Multiple Web Servers

You almost certainly don’t need this and it will lead to problems both with the core application and with many plugins. WordPress was always designed to run on one server and backwards compatibility is a core principle of its development. Here are a few things to consider:

  • Complexity; instead of storing files and session information locally, you’ll need to create a way to do both. This looks easy on a whiteboard but implementation is hard and requires changing a lot of things you didn’t know existed.
  • Updates and upgrades will be harder, everything needs to write to the right place, refresh properly, and be coordinated. Upgrades will be harder. You”ll probably need a dedicated admin node.
  • Cost: this will add a lot more resources
  • Plugins and themes will break; oftentimes developers assume that their software runs on single server implementations. Though it’s possible to make plugins that work fine otherwise many don’t support it since the market is not large enough.
  • You’ll be on your own. WordPress has a fantastic community with a lot of people sharing knowledge, the amount of people doing a multi-server setup on the other hand is very small and usually limited to larger companies that don’t share externally as much.
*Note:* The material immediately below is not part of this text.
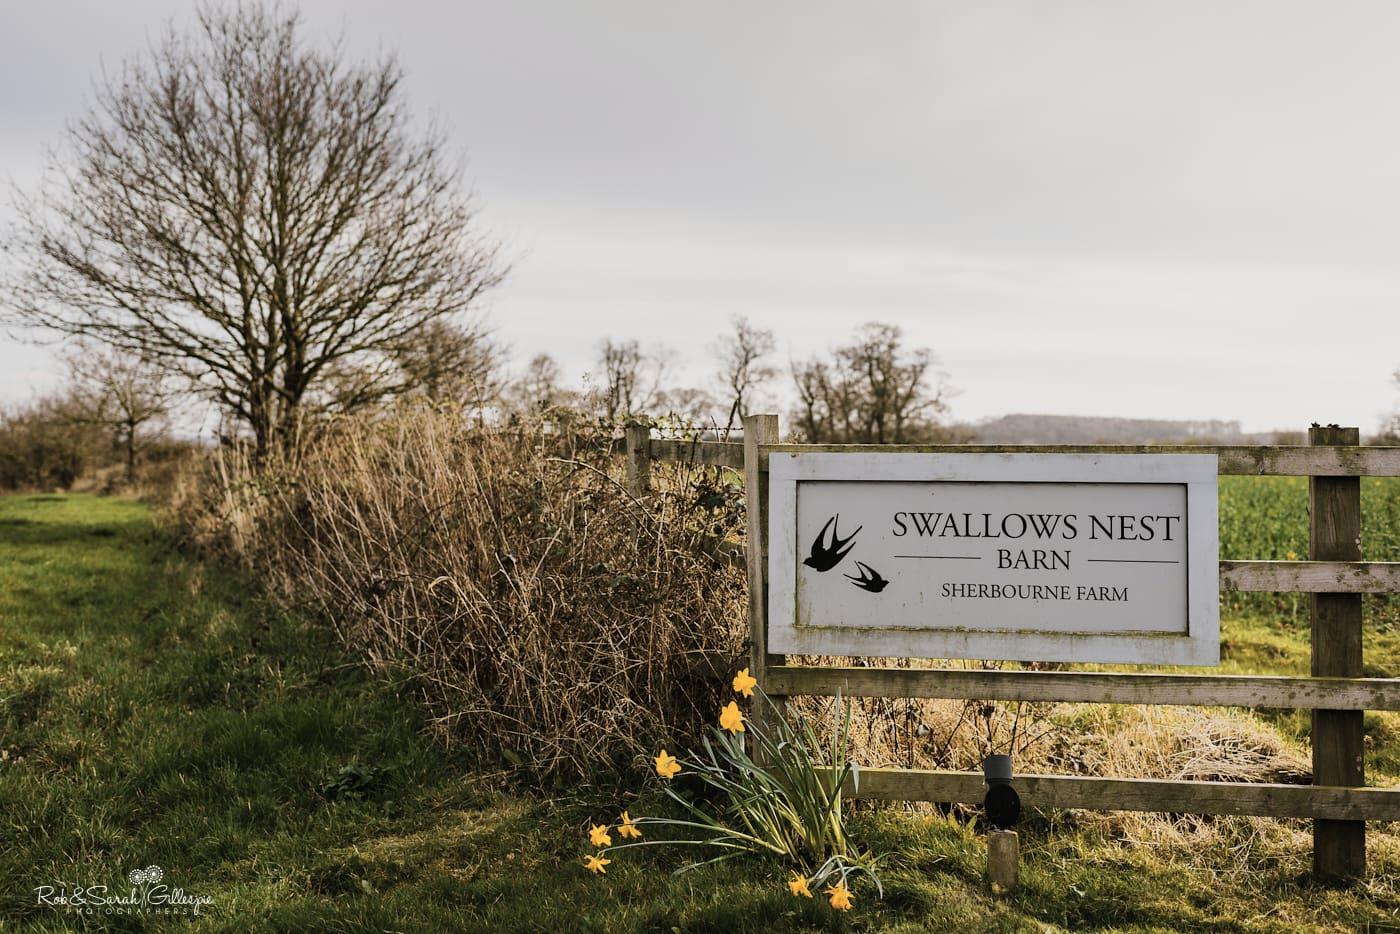 Entrance sigh for Swallows Nest Barn wedding venue

If you want “multi-az” for reliability reasons then consider that this setup will almost certainly lead to more downtime due to errors and unexpected behavior.

If you’re doing this for performance reasons just remember that a single web server can handle a lot of traffic if it’s big enough. Unless you’re serving billions of requests you probably don’t need it. If your site is slow and you’re reading this article because someone at Amazon told you this is the “best” solution. Take a step back and read this article first:
https://wordpress.org/support/article/optimization/

Elastic Beanstalk

This is the old standard, Amazon has a bunch of labs and tutorials for how to do it. If you need to go multi-server this is a good place to start:
https://aws.amazon.com/getting-started/hands-on/build-wordpress-website/

Architecture Diagram showing Elastic Beanstalk solution

Custom solution

This would probably make a good standalone article. However, if you’re going to be building this yourself here are some pointers:

  • Use Amazon EFS for the WordPress directory. You’ll get a bit of a performance hit but it will make upgrading easier and hopefully mitigate any plugin compatibility issues.
  • Create a dedicated Admin Node, this will be used for all uploads, database updates, and upgrades… it can be smaller than your other nodes.
  • User uploads (if needed) should go to S3, use a plugin to make this happen. Otherwise, the user experience should be read-only
  • You can set up AutoScalling on EC2, or use ECS. Although there’s really no reason to containerize this. This isn’t micro-services and you’re not going to be constantly redeploying the application.
  • Terminate SSL at the load balancer. This will get WordPress confused on whether its getting encrypted traffic or not. Set the following in your wp-config.php file
if (isset($_SERVER['HTTP_X_FORWARDED_PROTO']) && $_SERVER['HTTP_X_FORWARDED_PROTO'] === 'https') {
    $_SERVER['HTTPS'] = 'on';
}

So there you have. In short, it’s cheaper, easier, and more stable to pay someone else to host for you. If you still want to self-host do it on a single VM or with at most a separate database server. If you want to be more complicated than that review the tips and good luck!